MAPK pathway: RAF/MEK/ERK cascade
Sorafenib was initially designed to inhibit the kinase activity of RAF and consequently the RAF/MEK/ERK cascade involved in different processes of survival and cellular growth. Liu et al demonstrated that sorafenib blocked the RAF/MEK/ERK pathway by inhibiting the phosphorylation of MEK and ERK and it downregulated cyclin D1 levels in two HCC cell lines (6). We observed MAPK3 (ERK1) and MAP2K2 (MEK2) hypermethylated in sorafenib treated HA22T/VGH cells. We also found FOS, one of the effectors of RAF/MEK/ERK cascade, hypermethylated (Fig. 7E). Walter et al found the downregulation of FOS in human osteosarcoma cells after sorafenib treatment (30).
PI3K/AKT pathway
PI3K/AKT signaling is an important survival/proliferative pathway involving various growth factors, cytokines, and activation of receptors and it is one of the most commonly activated signaling pathway in human cancer. However, the role of this pathway in the mechanisms of action of sorafenib is not fully elucidated. Gedaly et al showed that sorafenib enhance the level of p-AKT in HCC HuH7 cells (31). However, Zhang et al found opposite results using Human SMMC-7721 hepatic carcinoma cells. They found that sorafenib inhibited hepatic tumor growth by reducing PI3K/AKT signaling pathway (32). Furthermore, Cervello et al found no variation of p-AKT in HCC HepG2 cell line treated with sorafenib (27). In this context, we found DNA methylation changes in different component of PI3K/AKT pathway, but with no clear tendency to turn on or turn off this pathway in HA22T/VGH treated with sorafenib. We found PIK3CA and PIK3C2B, subunits of PI3K, hypermethylated (Fig. 7F). We found TSC2, inhibitor of mTOR, hypomethylated (Fig. 7F), although the mRNA validation showed a downregulation of the TSC2 mRNA in the 2 cell lines analyzed.

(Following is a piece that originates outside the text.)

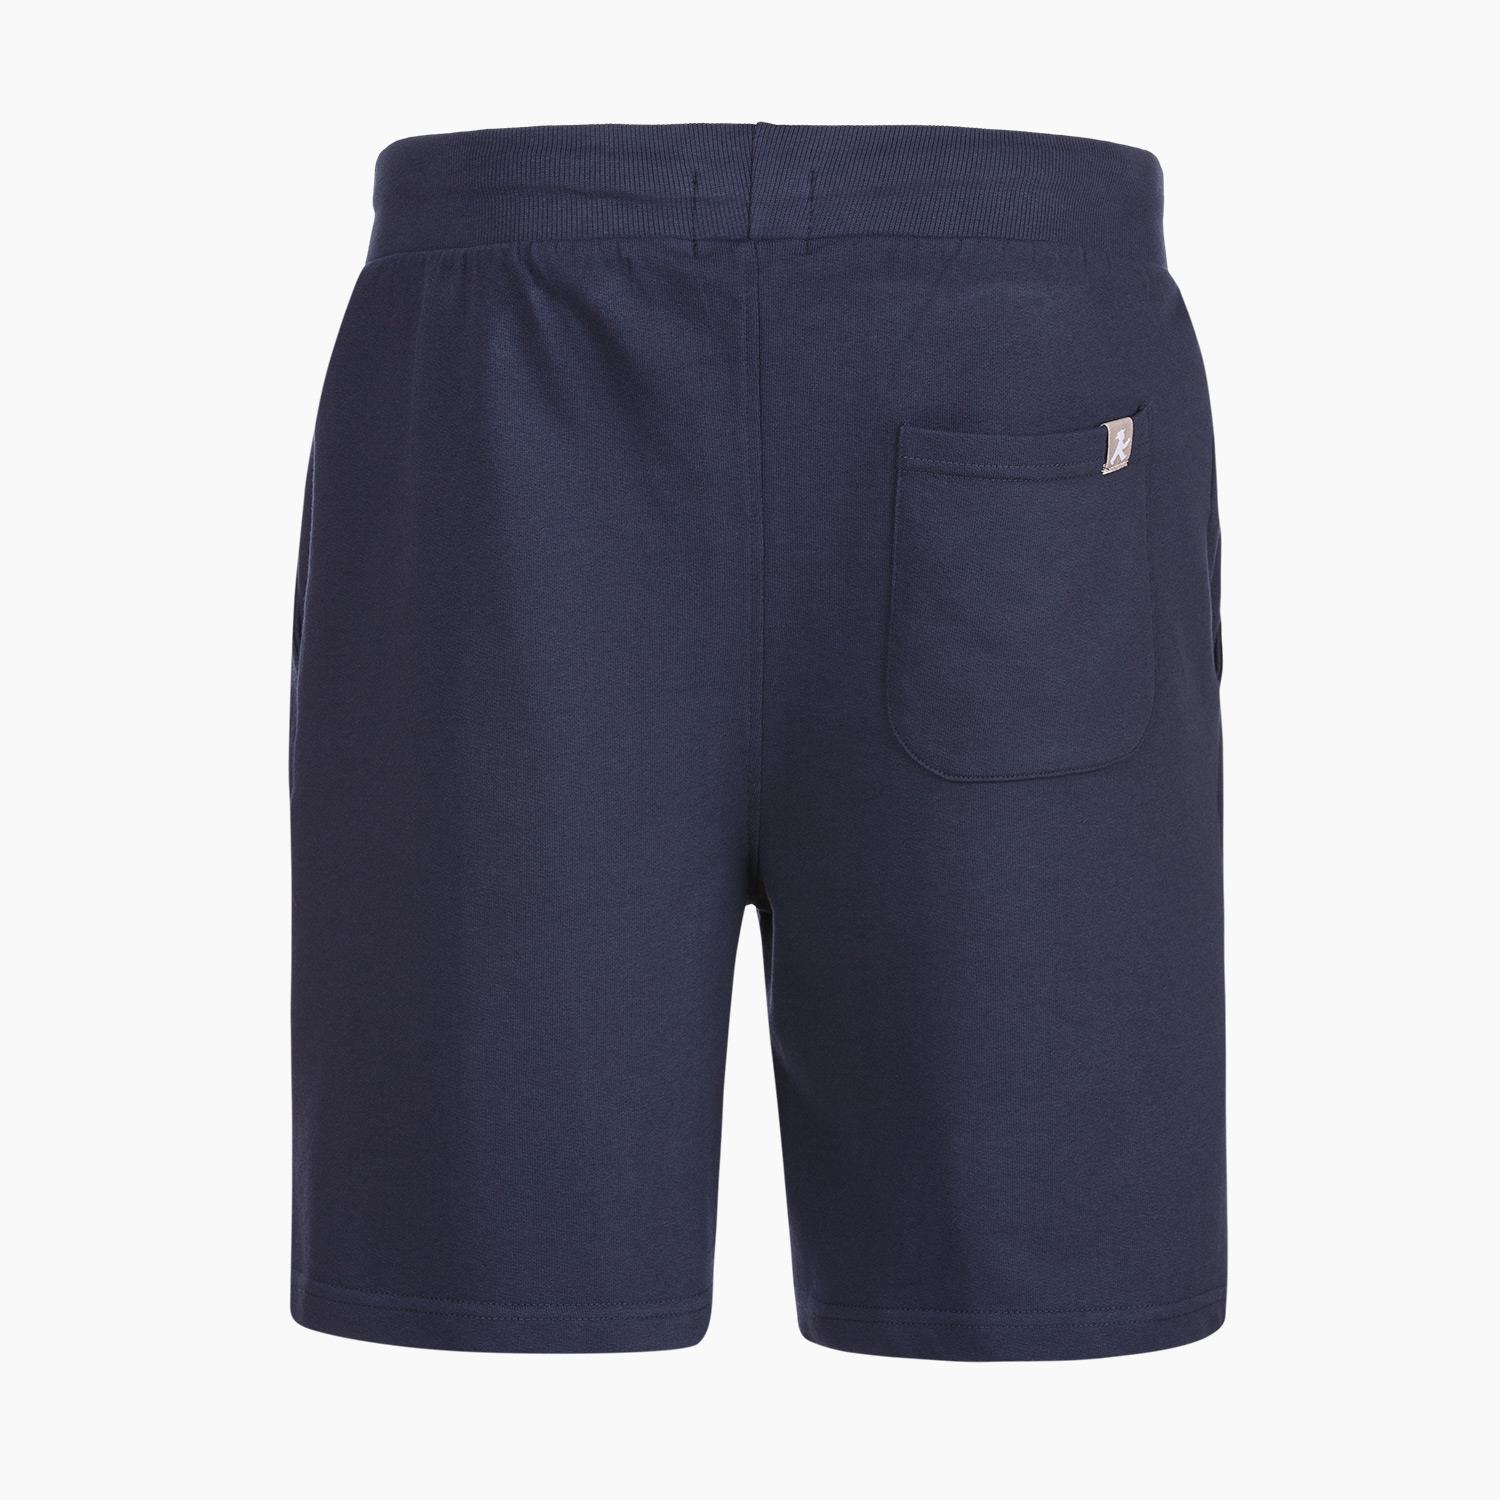 COUCH POTATO XL/ Herren Shorts

Concerning the correlation between DNA methylation and mRNA expression, our results indicated that among the 5 selected genes BIRC3 and TSC2 displayed a direct trend between DNA methylation and mRNA expression and FOXO3, MAPK3 and SMAD2 showed an inverse trend in HA22T/VGH cells.

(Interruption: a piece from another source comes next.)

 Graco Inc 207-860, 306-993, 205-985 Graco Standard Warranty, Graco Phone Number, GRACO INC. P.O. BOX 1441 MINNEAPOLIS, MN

In our study the DMR of BIRC3, MAPK3 and TSC2 were located in intragenic regions and the analysis of gene expression of associated genes returned both positive and negative relationship between transcription and intragenic DNA methylation. Some authors have already described that DNA methylation in intragenic regions can lead to both positive and negative relationship between transcription and intragenic DNA methylation (33). BIRC3 (MAT score = +12.10; RQ=9.22) and TSC2 (MAT score = −13.04; RQ=0.27) showed the same direct trend, while MAPK3 (MAT score = +12.42; RQ=0.41) showed an inverse trend between gene expression and DNA methylation. Moreover, the DMR of BIRC3 and MAPK3 contained fewer CpGs and were located near CpG islands. In literature, the regions that flank CpG islands with less CG density have been recently described as 'CpG island shores'. Different studies have described the role of CpG island shore methylation in cancer and how it can affect gene expression. For example, Irizarry et al reported that most of the methylation differences between normal and cancer samples occur in CpG island shores (34). To our knowledge this is the first time that the association between CpG island shore methylation and changes of gene expression in HCC cells treated with sorafenib has been reported although further studies are needed to confirm these findings.
Since the methylome of SKHep1C3 was not analyzed, we do not assume that sorafenib determines the same global DNA methylation changes observed in HA22T/VGH cells even if this cell line is sorafenib-sensitive. It would be of interest in the future to identify the DMRs in different HCC cell lines in order to know the common DMRs and those depending on their own malignant characteristics and on their differentiation state. In this regard, the DNA methylation variations of the 5 selected genes in SKHep1C3 cells displayed a partial overlap compared to those obtained in HA22T/VGH cells, but importantly their expression levels were affected. In SKHep1C3 the trend of the gene expression dysregulation was concordant in 4 out 5 genes in respect to HA22T/VGH cells although not statistically significant for BIRC3 and SMAD2. Further, in SKHep1C3, we found hypermethylation of FOXO3 by bisulfite sequencing and upregulation of mRNA. In this regard, we outline that we sequenced a small region (462 bp) of the DMR (differential methylated region) that was 3120 bp long. For this reason, we do not exclude to find hypomethylation within the DMR in other portions; however, some other mechanisms of gene expression control, other than DNA methylation, such as histone modifications, chromatin remodelling and post-transcriptional regulation (i.e. ncRNAs) should not to be excluded in determining mRNA dysregulation following sorafenib treatments.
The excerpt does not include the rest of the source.